Model Answer
0 min readIntroduction
In operations management, optimizing production processes is crucial for efficiency and cost-effectiveness. A key aspect of this optimization involves identifying and managing bottlenecks – the workstations that limit the overall throughput of the system. Understanding the impact of changes in processing times at different workstations on overall production and Work-In-Process (WIP) is fundamental to effective production planning and control. This answer will analyze the given production process, calculate the number of units produced, and assess the effect of a processing time reduction at workstation S3 on WIP levels.

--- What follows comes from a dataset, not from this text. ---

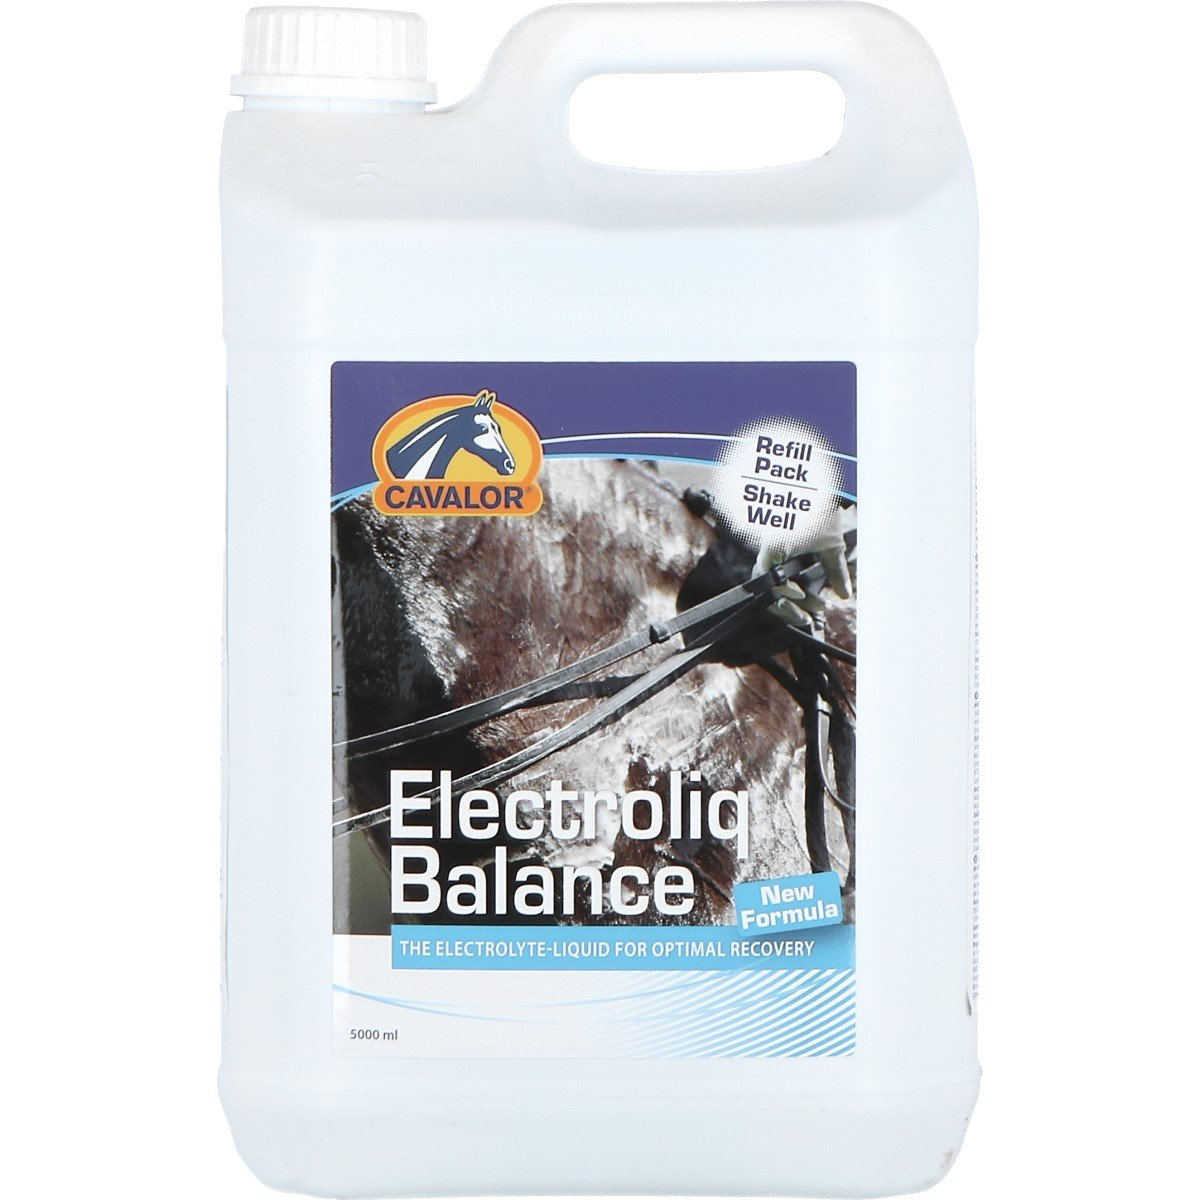 Afbeelding van Cavalor Electroliq Balance 5ltr

(i) Units Produced in an 8-Hour Day
The production process has four workstations: S1, S2, S3, and S4. The processing times for each workstation are as follows:
| Workstation | Processing Time (minutes/unit) |
|---|---|
| S1 | 10 |
| S2 | 15 |
| S3 | 20 |
| S4 | 12 |
The bottleneck workstation is S2, as it has the longest processing time (15 minutes/unit). We are given that 2 units of S2 are available. This means S2 can process a maximum of 2 units simultaneously. An 8-hour day is equivalent to 480 minutes.
The maximum number of units S2 can process in a day is calculated as follows:
- Units processed by S2 per hour: 60 minutes / 15 minutes/unit = 4 units/hour
- Since 2 units can be processed simultaneously, the effective processing rate is 2 units every 7.5 minutes (15/2).
- Total units processed by S2 in 480 minutes: 480 minutes / 7.5 minutes/2 units = 64 units
Therefore, 64 units are produced in an 8-hour day. The throughput of the entire system is limited by the bottleneck workstation, S2.
(ii) Reduction in Work-In-Process (WIP) if S3 Processing Time is Reduced
If the processing time in S3 is reduced to 8 minutes, the bottleneck will shift to S2, as S2 still has the longest processing time (15 minutes). Reducing the processing time at a non-bottleneck workstation (like S3 initially was) does not necessarily reduce the overall Work-In-Process (WIP). This is because the system's throughput is still constrained by the bottleneck (S2).
Why? WIP is directly related to the cycle time and throughput of the system. The cycle time is determined by the bottleneck workstation. Reducing the processing time at S3 only allows units to move through S3 faster, but they will still accumulate at S2, waiting to be processed. The overall flow rate remains the same, dictated by S2.
To reduce WIP, the processing time at the bottleneck workstation (S2) needs to be reduced. If S2’s processing time were reduced, the cycle time would decrease, leading to a lower WIP level throughout the system. However, with S2 remaining the bottleneck, reducing S3’s processing time will primarily increase utilization at S3 and potentially reduce idle time, but it won’t significantly impact the overall WIP.
In fact, reducing S3’s processing time might even slightly increase WIP at S3 itself, as units will spend less time there and accumulate faster before moving to the bottleneck S2.
Conclusion
In conclusion, the production process is limited by the bottleneck workstation, S2, resulting in a throughput of 64 units per 8-hour day. Reducing the processing time at a non-bottleneck workstation like S3 does not inherently reduce the overall Work-In-Process (WIP) because the system’s throughput remains constrained by the bottleneck. Focusing on improving the bottleneck workstation is crucial for increasing throughput and reducing WIP levels. Effective operations management requires a thorough understanding of bottleneck analysis and its implications for production planning and control.
Answer Length
This is a comprehensive model answer for learning purposes and may exceed the word limit. In the exam, always adhere to the prescribed word count.